Claude Dorsinville, he said. I am Claude Dorsinville. His breath came in harsh patches and grabs, and he stammered that he had come in search of her, the mambo , had come with his aunt and her infant. He nodded in their direction, and the woman glanced over, quickly returning her gaze to the dripping, frightened boy before her.
You want a service , she said, you got to pay me, boy. Mézi lagen ou, mezi wanga ou . Your money is your charm.
I … I have money, Claude said, and he looked across at Vanise, who had retrieved her child and sat comfortably on the broad rail of the boat, which dipped and caught the morning wind, despite its great load, and was headed smartly across the spreading bay toward the open sea. The starboard rail, where Vanise sat with a dozen others, flashed along near the surface of the sea, sending a silvery spray into the air, blue-green jewels in the new sunlight.
Vanise! the boy called. Talk to her, and he nodded at the mambo. Tell her what you want! he pleaded.
Vanise looked at him as if she did not know him.
He understood. He possessed the money for the service, and he had promised it to her, and she was holding him to his promise.

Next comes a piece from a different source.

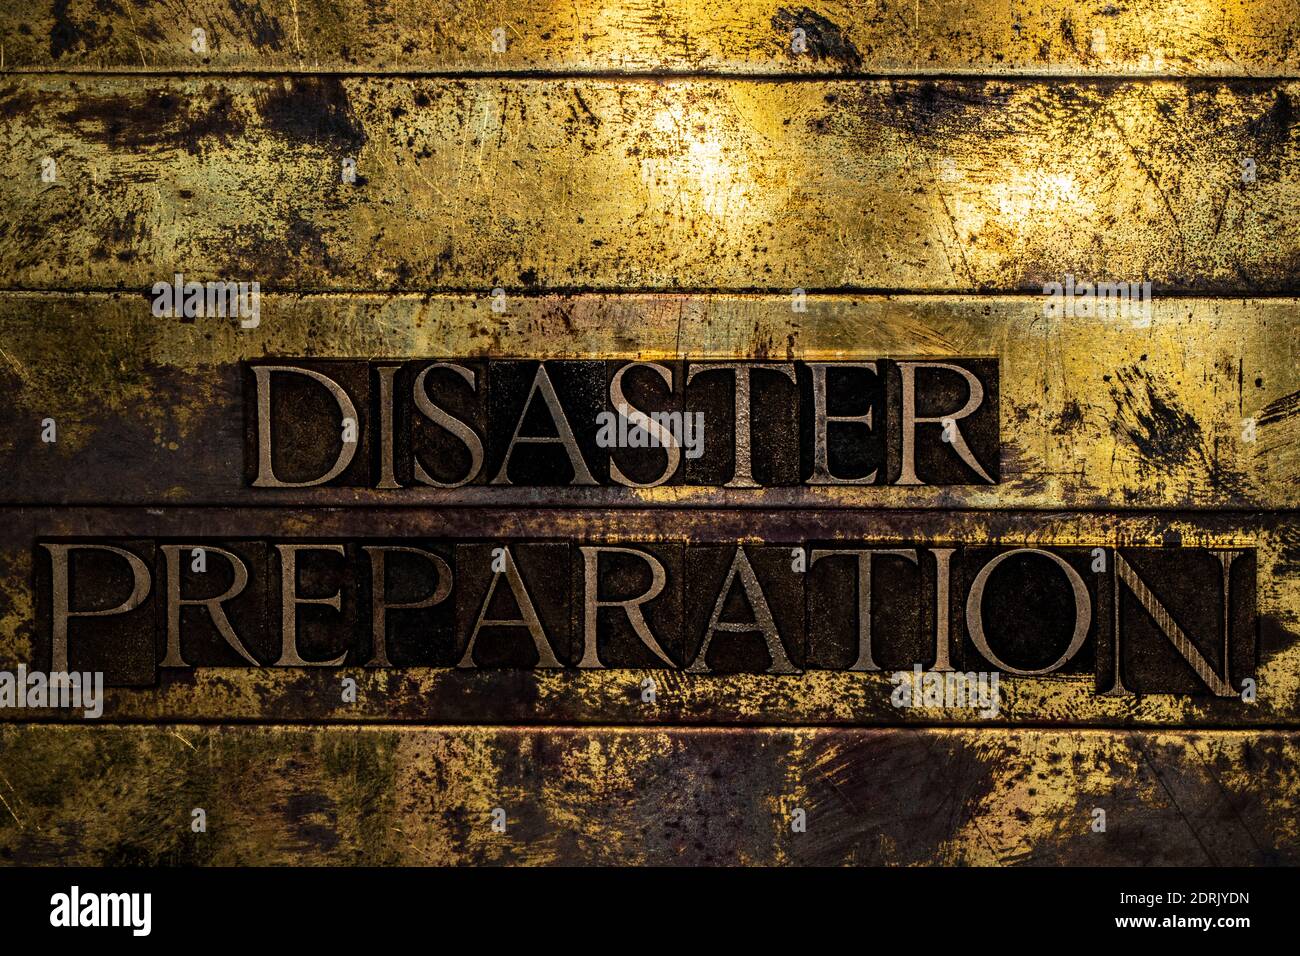 Disaster Preparation text on grunge textured copper and gold background Stock Photo

Grabow’s money, the fat roll of dollars that had come from his corpse, had come from the loas. It was blood money. The money he had earned from the Chinaman, the dozen wet dollars in his pocket, was to be given back to the loas. An even exchange. It was only fair.
He reached into his pocket and drew out the crumpled, sopped bills and passed them into the woman’s outstretched hand. She took the money, shoved it swiftly into her clothing, so fast he could not say where it had gone, it had simply disappeared, and she said to him, The Lord of the Sea will protect you.
No, her, he said, pointing at Vanise.
Her, then, the mambo said, and she moved away from Claude toward Vanise and began there to shake her asson over Vanise’s bowed head and to pray for her. Moin la avec asson. Asson c’est Bon Dieu qui bailie li avec la foi….
The boat was now a half mile or more from land. Down in its broad-beamed belly, the bounds were busily loading the barque with offerings, arranging the food, flowers, liquors and perfumes with respectful precision, sweating under the morning sun, which had risen into a cloudless sky. The houngenikon sang as loudly as ever, with the energy of someone discovering her voice anew, and the drummers beat on as if they had found lost drums only a moment before, and the mambo, apparently finished with Vanise, stood at the mast and waved about her head a pair of white chickens held by their feet and chanted and prayed to Agwé and his mistress Erzulie la Sirène. The passengers, awash with sweat from the heat, their bodies stilled by it, nevertheless sang along with the houngenikon , keeping up the joyous pilgrimage despite the heat, the work and discomfort, the long hours it was taking.